2. | STAFF COMMENT. Please provide the disclosure about your stock repurchases using the tabular format set forth in item 703(a) of regulation s-k, and provide all of the relevant information required by item 703(b) of regulation s-k. Please provide us with your proposed revised disclosure. |
Response:
It is our understanding that Item 703(a) of Regulation S-K requires the stock repurchases to be reported by month on a quarterly basis and that, as a result, we were required to provide the tabular disclosures in our Form 10-K only if we had effectuated any stock repurchases during the quarter ended June 30, 2010.
As disclosed in our Form 10K for fiscal year 2010, under Item 5: Share Buyback Program, the Company has not made repurchases of its stock since fiscal 2009 and the last time the Company made open market repurchases of its stock under the program was in the fourth quarter of fiscal 2008. In prior periods through the fourth quarter of fiscal 2008, we made the disclosure in the tabular format as required by Item 703(a) of Regulation S-K on a quarterly basis.

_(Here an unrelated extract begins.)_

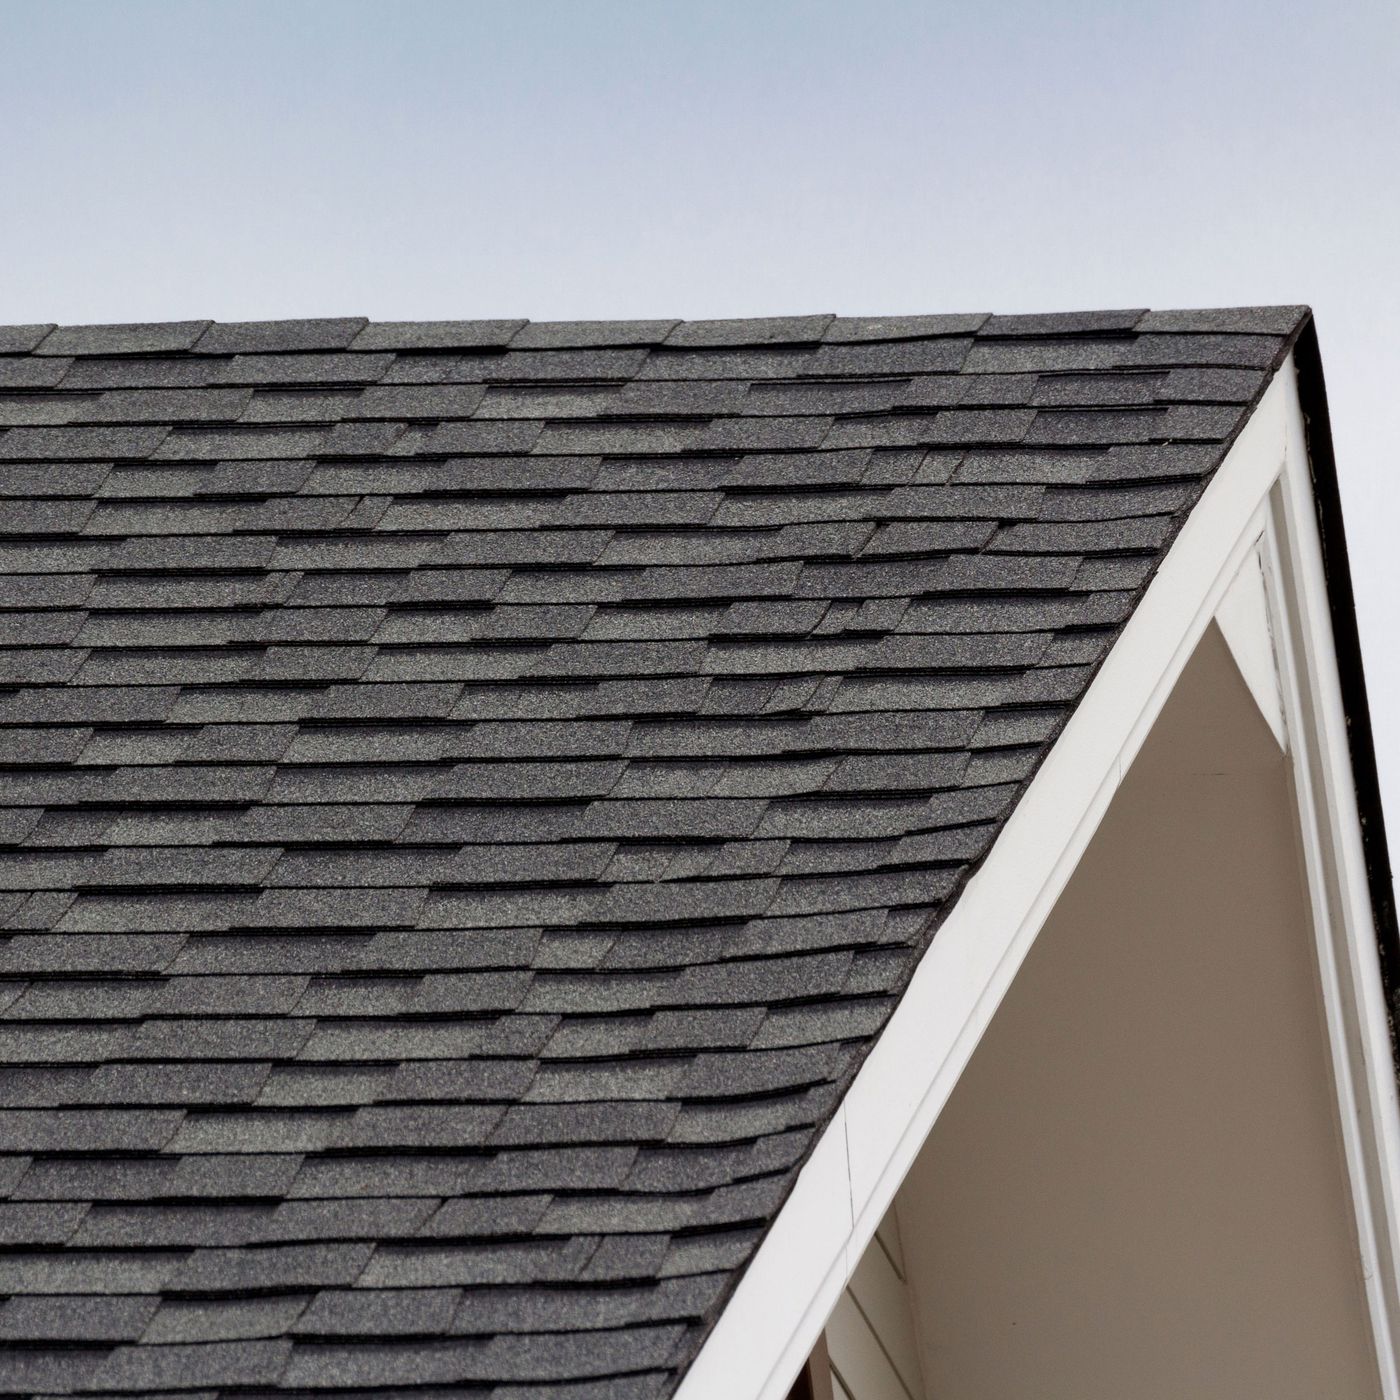 What is the Fastest Way to Patch a Roof?

Please see Item 5 Shares Repurchases in our Form 10-K for fiscal year 2008 and Part II Item 2 (c) Share Repurchases on Form 10-Q for the three months ended March 31, 2008. The fiscal 2009 repurchases were disclosed under Note 1 to the Condensed Consolidated Financial Statements in Form 10-Q for the three months ended December 31, 2008 as they were not open market repurchases and involved a purchase of stock from the Company’s former Chief Executive Officer.
In the event we make any additional open market share repurchases in the future, such repurchases will be reported in the tabular format as required by Item 703(a) of Regulation S-K.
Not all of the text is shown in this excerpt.